Task requirements:
Leaving out the images, please reproduce each line below exactly.

Available data:
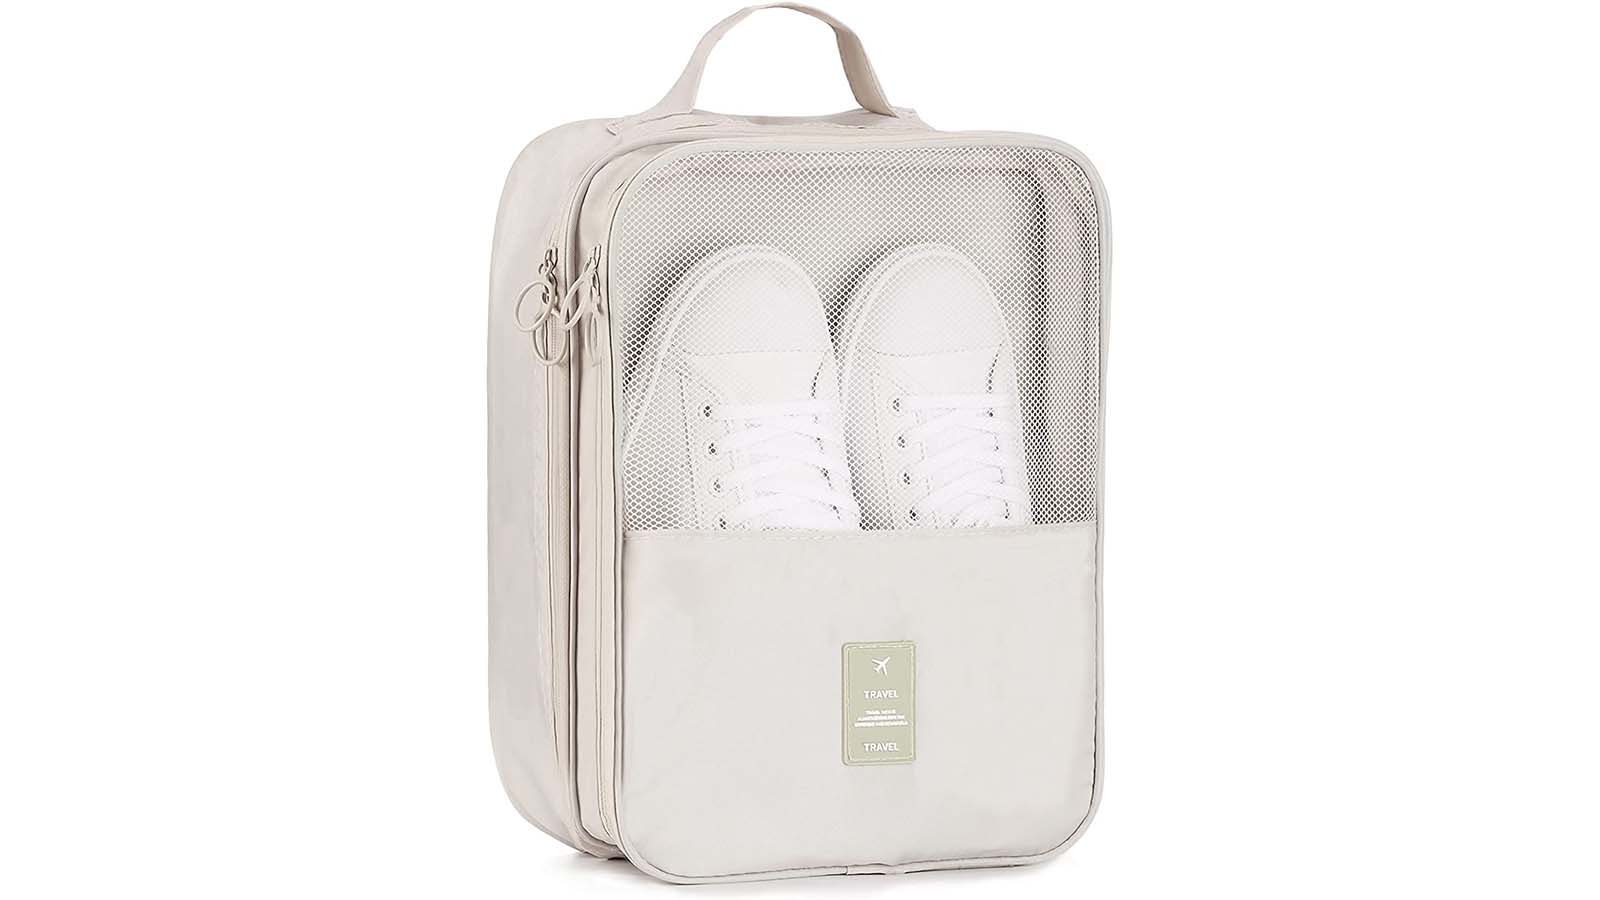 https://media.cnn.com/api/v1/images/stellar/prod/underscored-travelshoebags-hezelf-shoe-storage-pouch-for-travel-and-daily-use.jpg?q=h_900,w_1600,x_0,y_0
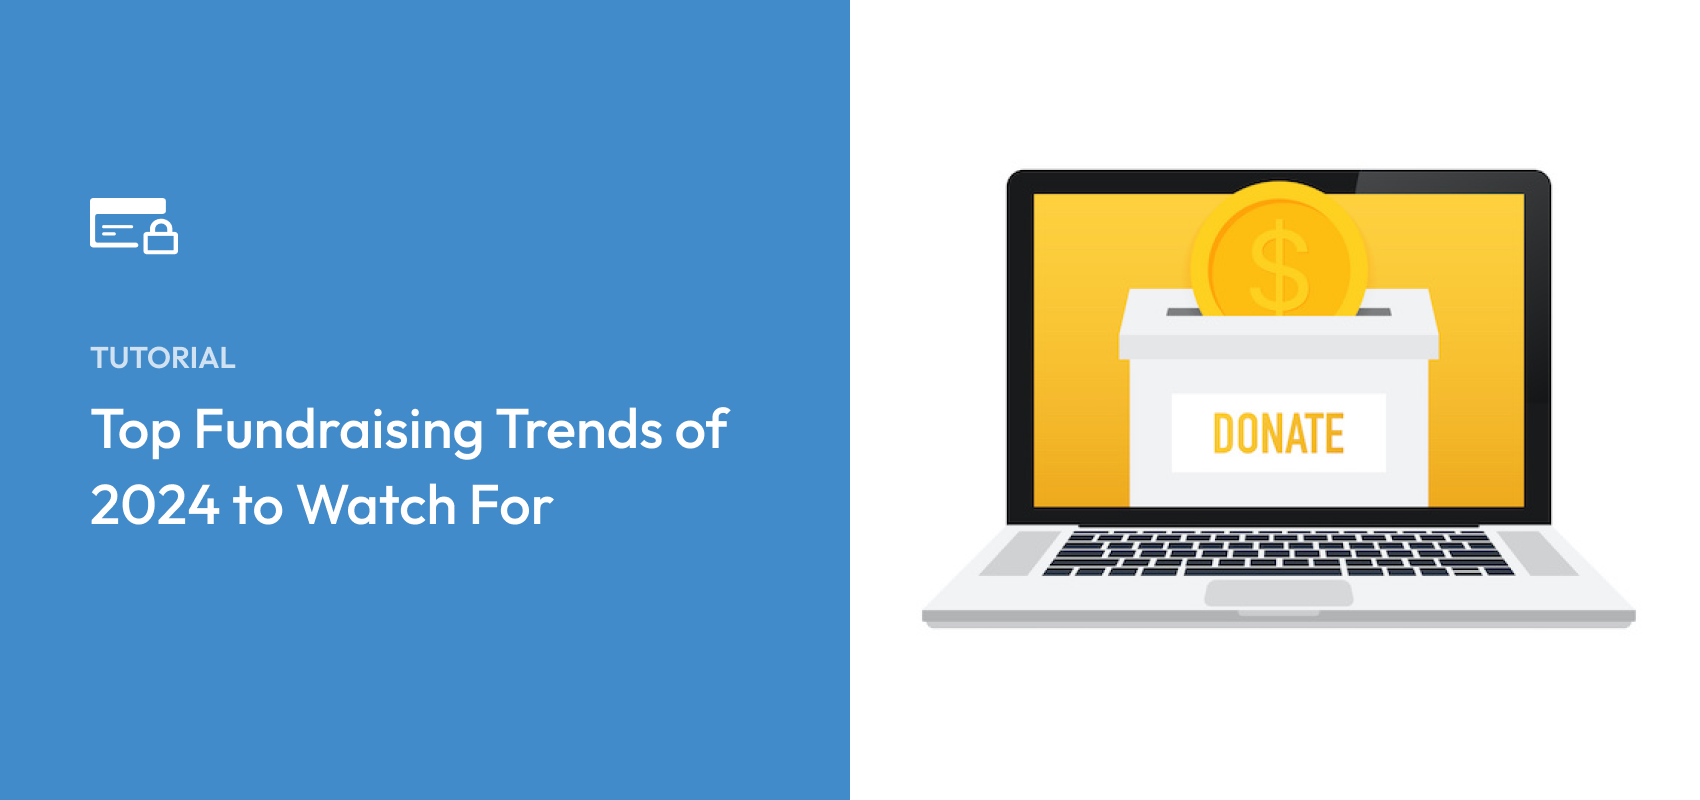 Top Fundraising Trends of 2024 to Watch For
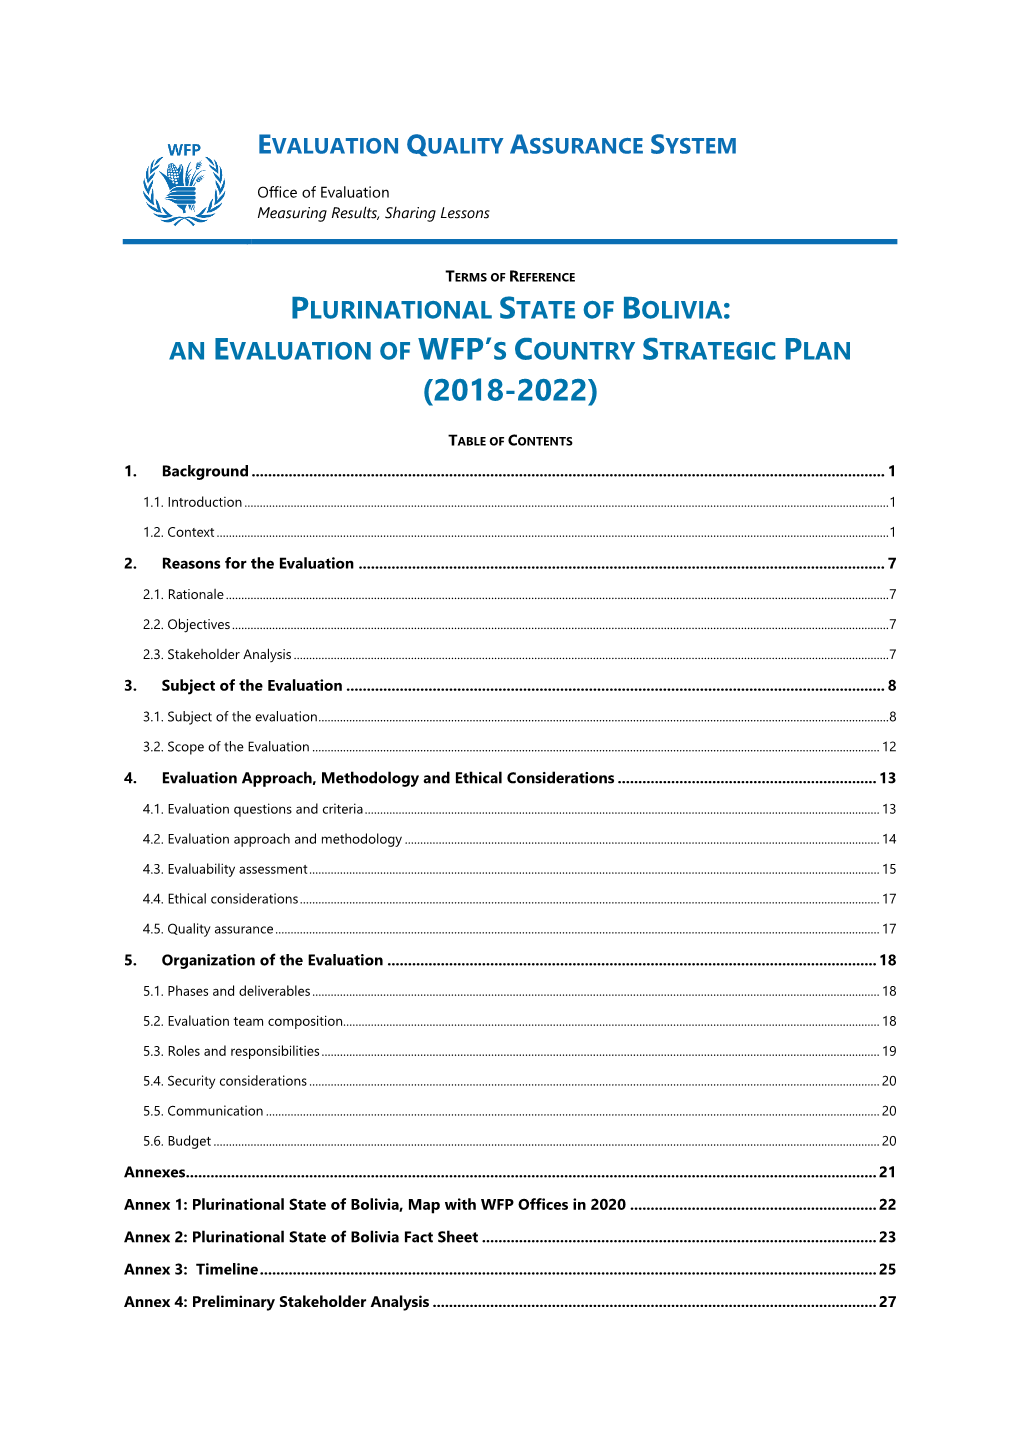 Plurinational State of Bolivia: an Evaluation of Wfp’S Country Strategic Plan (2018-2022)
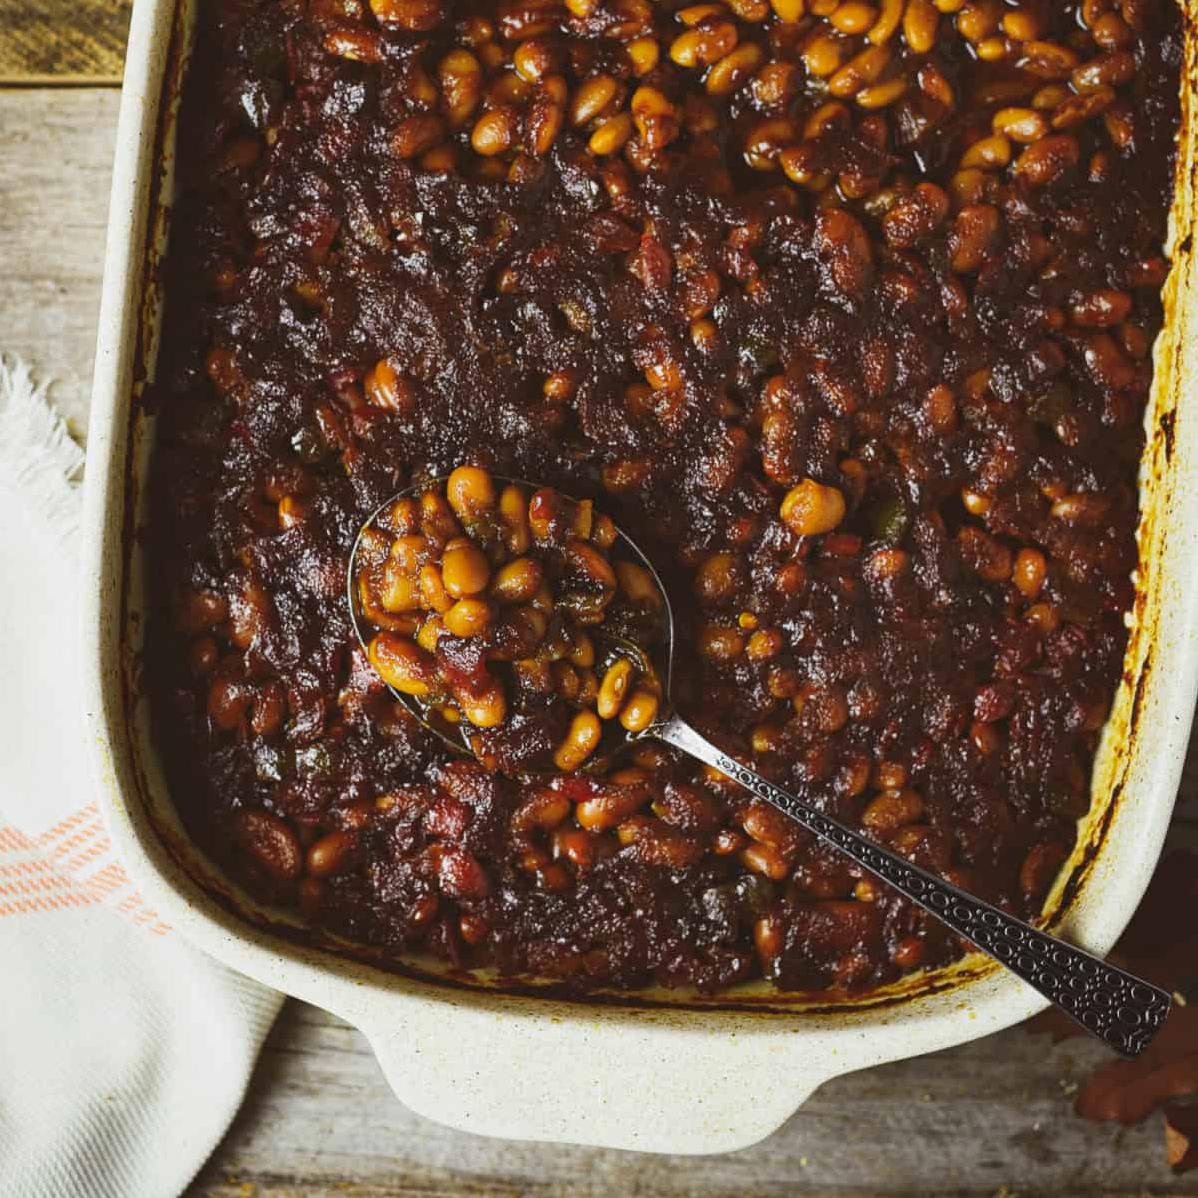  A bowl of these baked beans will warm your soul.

Response box:
 https://media.cnn.com/api/v1/images/stellar/prod/underscored-travelshoebags-hezelf-shoe-storage-pouch-for-travel-and-daily-use.jpg?q=h_900,w_1600,x_0,y_0
 Top Fundraising Trends of 2024 to Watch For
 Plurinational State of Bolivia: an Evaluation of Wfp’S Country Strategic Plan (2018-2022)
  A bowl of these baked beans will warm your soul.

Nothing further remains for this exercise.